Prompt: Would you output the entries below only from the line containing "3) According to" through the line containing "22-animal-coloring-pages-for-adults-simple-png-colorist", exactly as they stand and with both ends included?

———

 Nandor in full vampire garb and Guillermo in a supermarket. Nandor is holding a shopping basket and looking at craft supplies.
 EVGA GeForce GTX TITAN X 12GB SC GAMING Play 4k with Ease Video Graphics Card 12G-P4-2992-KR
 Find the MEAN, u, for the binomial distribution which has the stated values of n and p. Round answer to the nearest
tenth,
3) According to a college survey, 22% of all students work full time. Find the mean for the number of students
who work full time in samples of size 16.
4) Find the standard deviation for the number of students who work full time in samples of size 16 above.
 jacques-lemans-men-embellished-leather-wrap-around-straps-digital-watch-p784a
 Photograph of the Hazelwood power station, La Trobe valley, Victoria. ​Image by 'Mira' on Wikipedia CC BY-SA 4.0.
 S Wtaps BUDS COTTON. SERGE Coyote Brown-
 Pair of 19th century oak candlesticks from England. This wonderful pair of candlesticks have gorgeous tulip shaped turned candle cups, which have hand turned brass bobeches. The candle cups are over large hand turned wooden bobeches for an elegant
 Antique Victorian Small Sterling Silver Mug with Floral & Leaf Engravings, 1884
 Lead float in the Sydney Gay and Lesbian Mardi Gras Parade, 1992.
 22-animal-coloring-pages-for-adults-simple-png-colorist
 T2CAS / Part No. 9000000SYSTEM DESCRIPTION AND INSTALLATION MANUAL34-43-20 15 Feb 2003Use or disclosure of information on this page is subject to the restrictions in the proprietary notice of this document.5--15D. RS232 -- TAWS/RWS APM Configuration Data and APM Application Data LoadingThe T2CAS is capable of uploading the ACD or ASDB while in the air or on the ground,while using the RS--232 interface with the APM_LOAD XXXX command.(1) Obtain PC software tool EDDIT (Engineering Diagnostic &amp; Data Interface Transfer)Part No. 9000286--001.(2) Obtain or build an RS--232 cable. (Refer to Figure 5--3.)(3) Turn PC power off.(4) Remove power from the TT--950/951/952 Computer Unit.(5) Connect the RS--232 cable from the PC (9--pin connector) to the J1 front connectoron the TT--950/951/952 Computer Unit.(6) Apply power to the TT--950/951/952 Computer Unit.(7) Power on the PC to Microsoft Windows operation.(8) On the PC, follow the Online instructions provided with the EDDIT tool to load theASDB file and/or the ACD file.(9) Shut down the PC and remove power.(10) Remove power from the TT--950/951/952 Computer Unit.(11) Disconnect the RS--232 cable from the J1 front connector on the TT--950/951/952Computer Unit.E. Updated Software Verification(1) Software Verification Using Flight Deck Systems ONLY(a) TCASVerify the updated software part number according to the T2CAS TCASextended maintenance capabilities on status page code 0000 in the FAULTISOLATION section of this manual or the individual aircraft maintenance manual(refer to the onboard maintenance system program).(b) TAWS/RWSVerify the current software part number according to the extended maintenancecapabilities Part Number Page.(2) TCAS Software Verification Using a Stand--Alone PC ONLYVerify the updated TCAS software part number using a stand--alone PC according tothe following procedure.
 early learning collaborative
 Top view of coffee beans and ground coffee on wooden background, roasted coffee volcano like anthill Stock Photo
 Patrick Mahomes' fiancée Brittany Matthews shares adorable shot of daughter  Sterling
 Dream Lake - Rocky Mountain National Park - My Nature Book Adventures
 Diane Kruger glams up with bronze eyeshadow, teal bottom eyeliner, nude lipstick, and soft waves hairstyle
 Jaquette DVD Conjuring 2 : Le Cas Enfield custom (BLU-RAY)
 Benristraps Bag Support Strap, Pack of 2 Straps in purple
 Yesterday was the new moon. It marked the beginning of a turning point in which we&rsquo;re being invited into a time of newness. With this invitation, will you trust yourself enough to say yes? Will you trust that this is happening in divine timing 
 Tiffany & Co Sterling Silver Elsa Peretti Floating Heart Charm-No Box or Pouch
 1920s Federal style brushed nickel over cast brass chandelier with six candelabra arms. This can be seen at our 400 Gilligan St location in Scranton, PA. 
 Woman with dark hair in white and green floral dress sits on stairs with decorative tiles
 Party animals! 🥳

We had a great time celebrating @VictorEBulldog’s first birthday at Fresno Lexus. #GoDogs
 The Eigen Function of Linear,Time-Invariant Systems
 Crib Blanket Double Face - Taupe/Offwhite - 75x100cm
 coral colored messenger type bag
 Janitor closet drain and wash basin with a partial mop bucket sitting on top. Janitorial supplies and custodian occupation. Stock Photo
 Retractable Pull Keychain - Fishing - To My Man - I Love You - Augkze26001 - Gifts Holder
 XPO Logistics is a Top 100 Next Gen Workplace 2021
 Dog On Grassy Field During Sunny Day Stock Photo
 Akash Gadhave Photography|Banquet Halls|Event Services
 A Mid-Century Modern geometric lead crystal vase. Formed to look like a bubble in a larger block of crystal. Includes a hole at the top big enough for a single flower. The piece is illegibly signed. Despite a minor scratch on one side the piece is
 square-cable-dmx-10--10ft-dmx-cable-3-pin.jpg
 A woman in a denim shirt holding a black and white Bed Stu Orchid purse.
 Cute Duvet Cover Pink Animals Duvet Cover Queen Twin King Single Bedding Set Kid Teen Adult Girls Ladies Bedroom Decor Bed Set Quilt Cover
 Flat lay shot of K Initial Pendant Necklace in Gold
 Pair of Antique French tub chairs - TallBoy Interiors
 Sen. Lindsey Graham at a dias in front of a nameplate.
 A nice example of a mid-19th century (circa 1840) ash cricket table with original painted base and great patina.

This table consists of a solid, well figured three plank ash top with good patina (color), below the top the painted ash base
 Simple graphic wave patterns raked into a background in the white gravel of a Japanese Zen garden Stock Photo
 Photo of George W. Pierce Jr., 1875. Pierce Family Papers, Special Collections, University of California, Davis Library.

———

Task solution:
3) According to a college survey, 22% of all students work full time. Find the mean for the number of students
who work full time in samples of size 16.
4) Find the standard deviation for the number of students who work full time in samples of size 16 above.
 jacques-lemans-men-embellished-leather-wrap-around-straps-digital-watch-p784a
 Photograph of the Hazelwood power station, La Trobe valley, Victoria. ​Image by 'Mira' on Wikipedia CC BY-SA 4.0.
 S Wtaps BUDS COTTON. SERGE Coyote Brown-
 Pair of 19th century oak candlesticks from England. This wonderful pair of candlesticks have gorgeous tulip shaped turned candle cups, which have hand turned brass bobeches. The candle cups are over large hand turned wooden bobeches for an elegant
 Antique Victorian Small Sterling Silver Mug with Floral & Leaf Engravings, 1884
 Lead float in the Sydney Gay and Lesbian Mardi Gras Parade, 1992.
 22-animal-coloring-pages-for-adults-simple-png-colorist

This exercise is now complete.